Daschle led Senate Democrats through Clinton's first four years in the chamber, and he recalled her painstakingly cultivating alliances across the aisle. For instance, she befriended Sen. Lindsey Graham, R-South Carolina, who only a few years earlier had argued the impeachment case against her husband. They traveled together overseas and worked on issues such as military benefits. And in 2006, when Clinton appeared in Time's "100 Most Influential People" issue, it was Graham who penned a glowing tribute.

"How do you build relationships?" Daschle asked. "It's inclusion. It's invitations to Camp David. It's regular meetings at the White House. It's socializing. It starts with that."

In his failed attempts at a "grand bargain" with Boehner, Obama's approach was to appeal to Boehner's sense of reason and convince him that a deal was best for the country, even if he suffered a backlash on the far right. But Clinton's associates said she would approach similar talks like a mechanic, understanding Ryan's constraints and identifying areas of mutual advantage.

One such area could be an infrastructure spending bill, which Clinton has said would be an immediate priority. Ryan, too, has in the past year privately reached out to top Democrats about beginning infrastructure talks, which the U.S. Chamber of Commerce and other pillars of the Republican establishment have championed.

Clinton also would seek to work immediately on an overhaul of immigration law, an issue that Ryan has advocated but that has become anathema in parts of the Republican conference. It is possible that a Trump loss in November could shift political winds in the GOP, creating momentum for Ryan to consider starting discussions.

"It's got to be done in stages and pieces, not some big, massive bill that ends up collapsing under its own weight," Ryan said at the Economic Club about the prospect of an immigration pact next year.

There are other areas of mutual agreement, such as on criminal justice. Clinton and Ryan have expressed concern about mass incarceration and advocated changes to sentencing laws, and there are bipartisan efforts afoot.

Another issue is fighting poverty, something Clinton and Ryan prioritize, although they have clear disagreements on the solutions.

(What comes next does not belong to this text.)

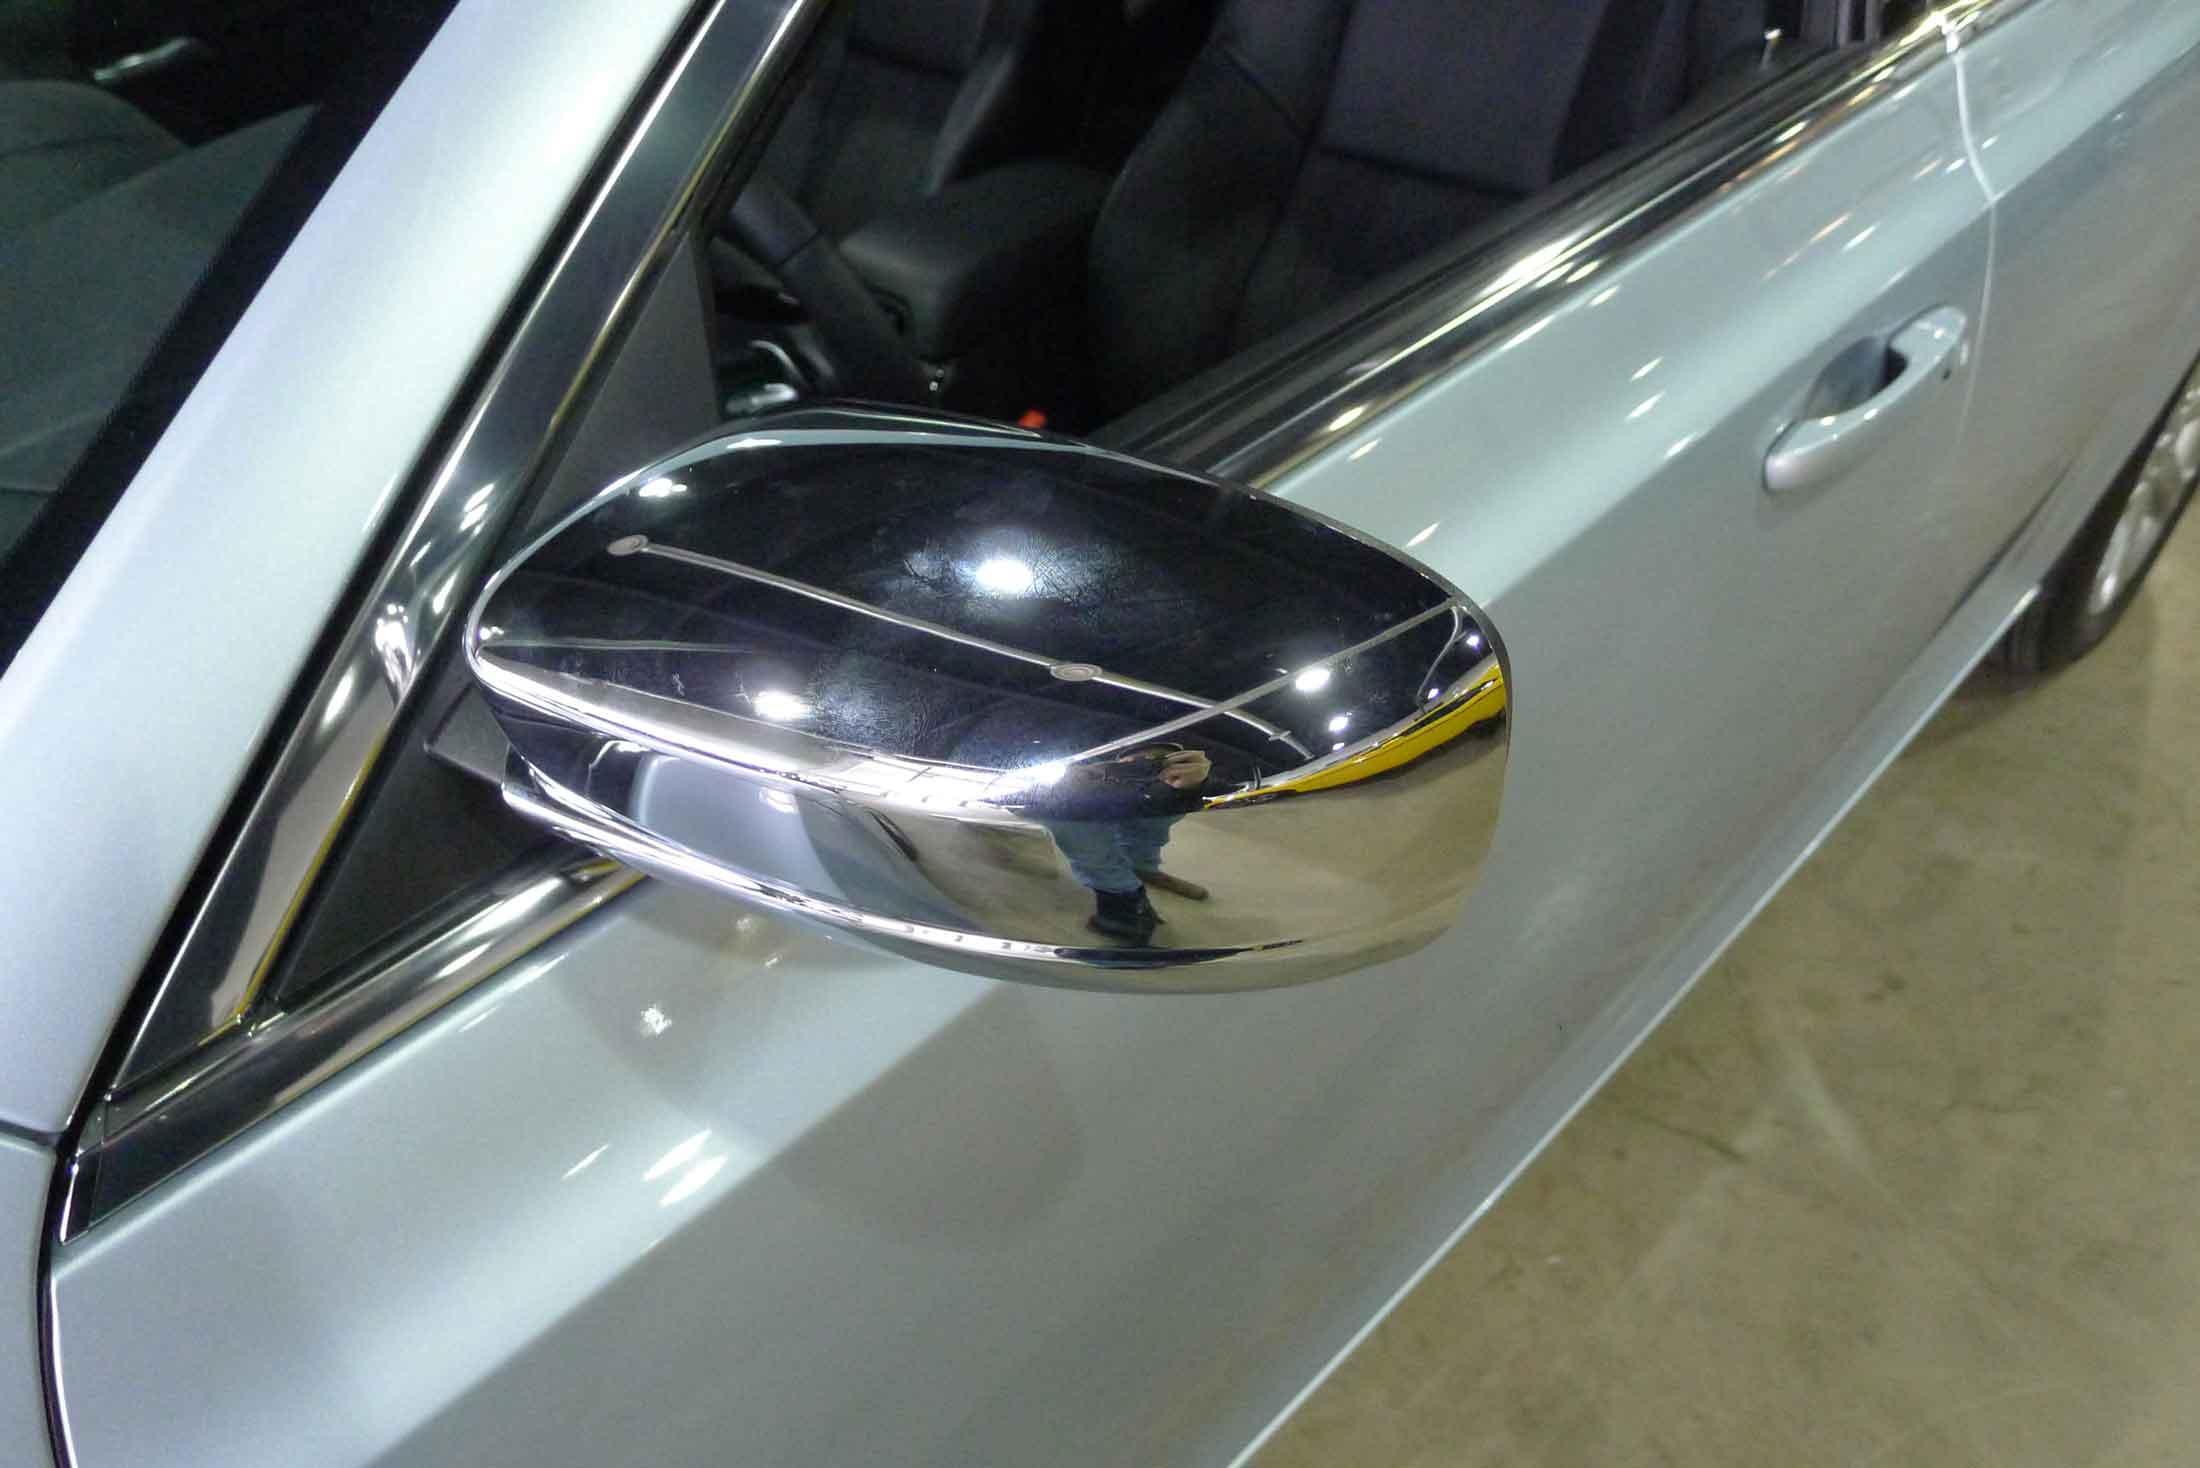 Chrysler 300 Chrome Door Handle / Mirror Cover Trim Package (2011-2016)

Ryan sees it as his personal mission and thrust it to the forefront of the GOP policy agenda. His confidants said he would feel invested in reaching an anti-poverty accord with Clinton.

Bob Woodson, a veteran community organizer who has mentored Ryan, said he could envision Clinton and Ryan touring beleaguered urban neighborhoods together.

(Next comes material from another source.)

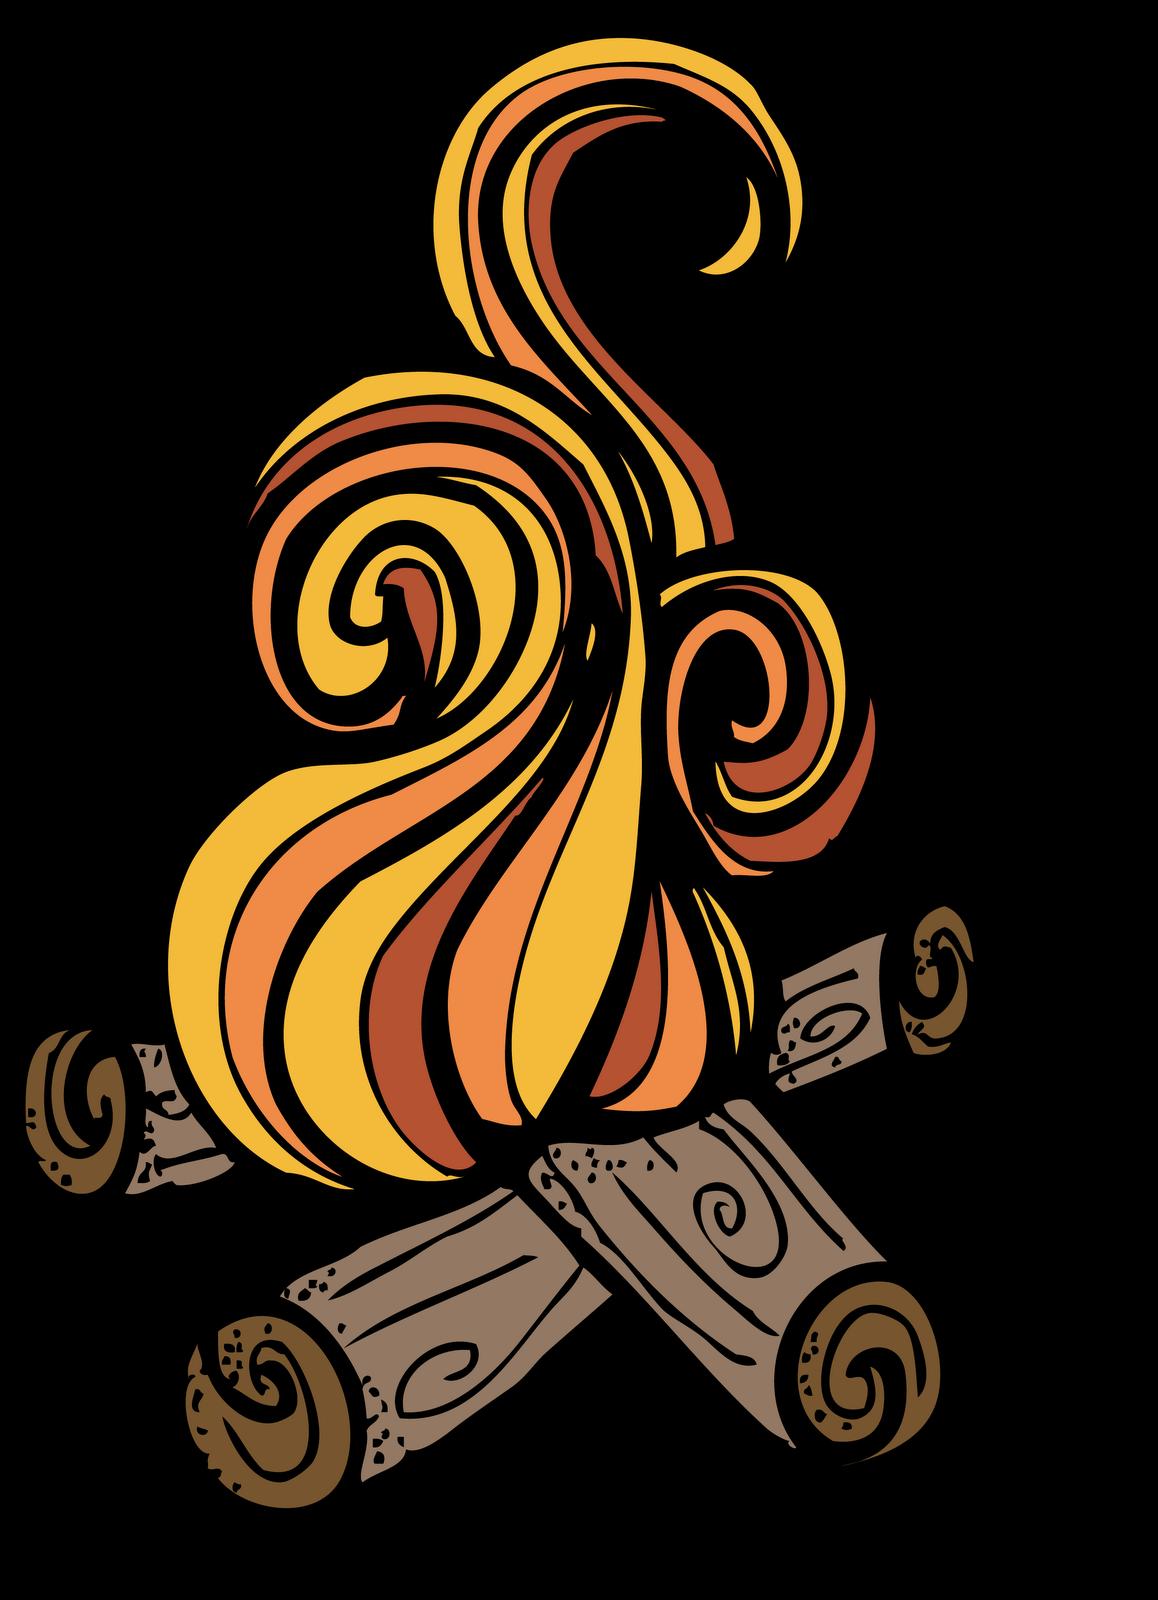 1158x1600 Campfire Camp Fire Clip Art Image

"Paul and I have taken many of these kinds of trips, and he does it in a way where politics isn't part of it," Woodson said. "It won't be easy. She's going to want more government; he's going to want more choice in education and different ways of spending money to tackle these problems. But he's the kind of person who could sit down and come up with five or six concrete steps where there is overlap."

Clinton's selection of Ken Salazar, a former Interior Department secretary and senator from Colorado, as co-chairman of her transition team was seen by some in Washington as a telling signal. "Ken was well known for his ability to work across the aisle," Daschle said. "Just selecting Ken was a strong statement about her desire to govern."

Ryan's friends say a glimmer of hope may be the speaker's aversion to the caustic animus toward the Clintons within his party's ranks - a trait they say traces to his days as a staff member. The Midwesterner has never been comfortable about Clinton conspiracies or sordid accusations, despite his opposition to the Clintons' policies.

"He wasn't like a lot of conservatives his age in the '90s who wanted to dig up Clinton dirt and scandals," said Vin Weber, a former Minnesota congressman who worked with a just-out-of-college Ryan at Empower America, a think tank that has since shuttered. "Rather than talk about Monica Lewinsky, he'd want to crusade against tax increases."

Ryan's unease about Clinton barbs has been evident on the campaign trail and in private fundraisers, where he goes after her policies but not after her personally.

"He's with his party, but he never said that he can't work with her," Weber said. "That's a key distinction. He's certainly not for her - but he has never said he's unwilling to engage."